Two separate articles a year ago referred to the use of 3D laser scanning to improve one’s health. In the first case it was in support of the shape of an infant’s head and the second better design of hearing aids.
From an article by Jordan Verdadeiro at West Dakota Fox
Any abnormalities in a child will be scary for a parent. There are a set of twins from Harvey who were born healthy, but who’s heads began to flatten. Jordan Verdadeiro spoke with the family and a certified orthotist who is helping get these baby boy’s head shape back how it should be.
This is Bausten and Huxley, and these twins are in cranial remolding helmets. Their father, Cayle Paulson says they were born two months early.
“They spent their first five weeks in the nic-u here in Bismarck, so through time at home and sleeping on their back, they slowly kind of developed a flatness on the back of their head,” said Paulson.
It’s also known as helmet therapy, it’s given to children who suffer from flattening on the occipital sides of their heads. “You’re alarmed and of course as a parent, you want to make sure you’re doing the right thing.”
Paulson says at first he didn’t know if it was necessary but found it has been painless and protective. “And once we get them into the helmet, as their head is growing at such a rapid rate it corrects inside the helmet,” said Todd Jasper, orthorist at CHI St. Alexius.
“Eighty percent of the cranial growth happens by one year, so we like to get them into a helmet between 4.5 and six months,” he said.By using a 3D laser scanning device, Jasper is able to review 3-D data that can be reviewed in multiple plains.
“Most parents come back in one week and are pretty excited and say this isn’t as bad as I thought and I could see a correction already.”
Paulson says this has assured him and his wife they are doing the right thing to make sure their boys a perfect beginning. Jasper says the 3D laser scanning takes about 1.5 seconds and the initial evaluation at CHI St. Alexius Health is free.
From an article in KDLT News Today
At Sound Decision they have technology that is makes doing 3D scans of the ear for hearing devices easier than ever before.
“It’s called the Odoo scan,” said Sound Decision Audiologist Paul Brueggeman.
This 3D laser scanning creates a 3-d image of your ear in a matter of minutes.
“It uses a combination of a high-speed camera and a laser to take very precise imagery shots of the inner ear canal and the outer part of the ear,” said Dr. Brueggeman.
Patients can see their ear being re-created right in front of them.

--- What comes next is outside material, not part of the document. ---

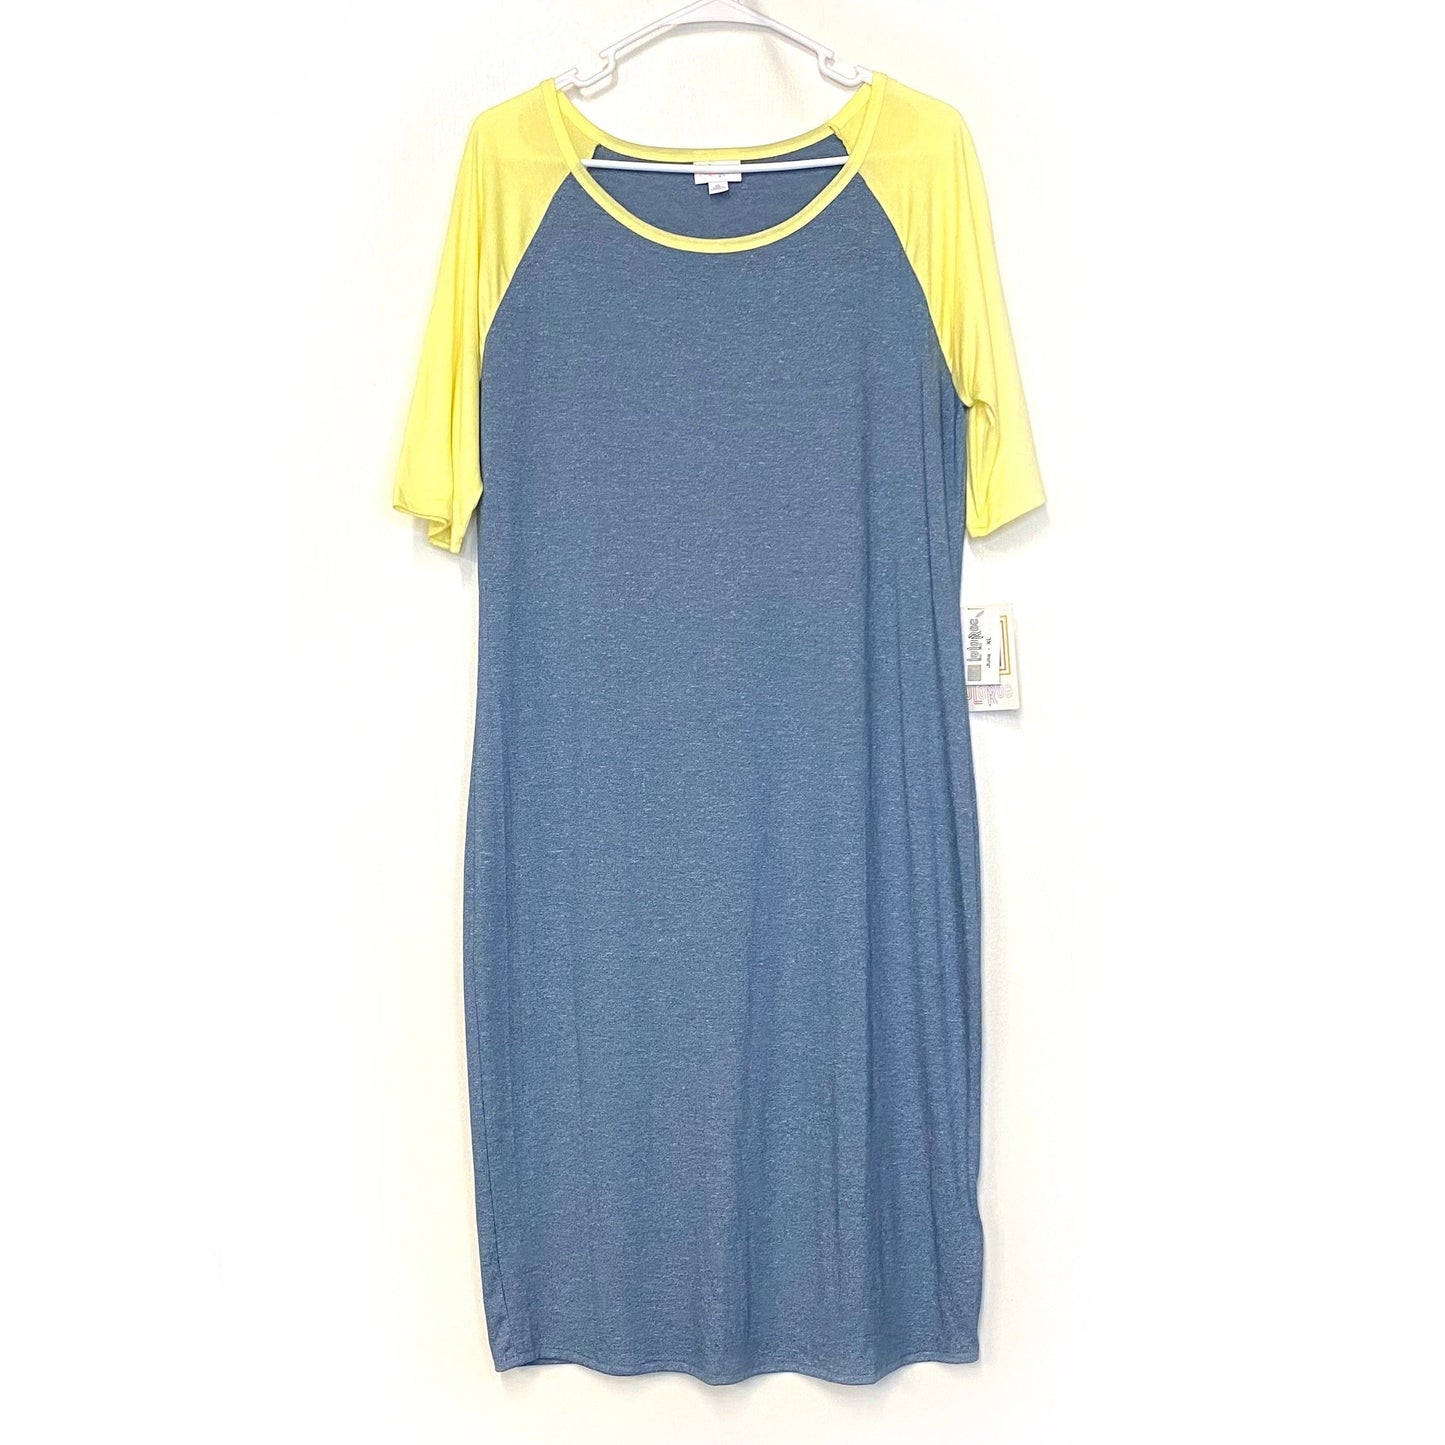 LuLaRoe Womens XL Yellow/Blue Julia Dress Scoop Neck ½ Sleeves NWT

Dr. Brueggeman said the old way of creating an earpiece was liquid silicone that was placed in a person’s ear to create a hard mold.
Experts say this new way is less intrusive. The clinic has only had the scanner since January, but Dr. Brueggeman thinks it is here to stay.
“I don’t see us going back to going back to doing physical silicon impressions,” said Dr. Brueggeman. “I believe this is going to be the clinical standard.”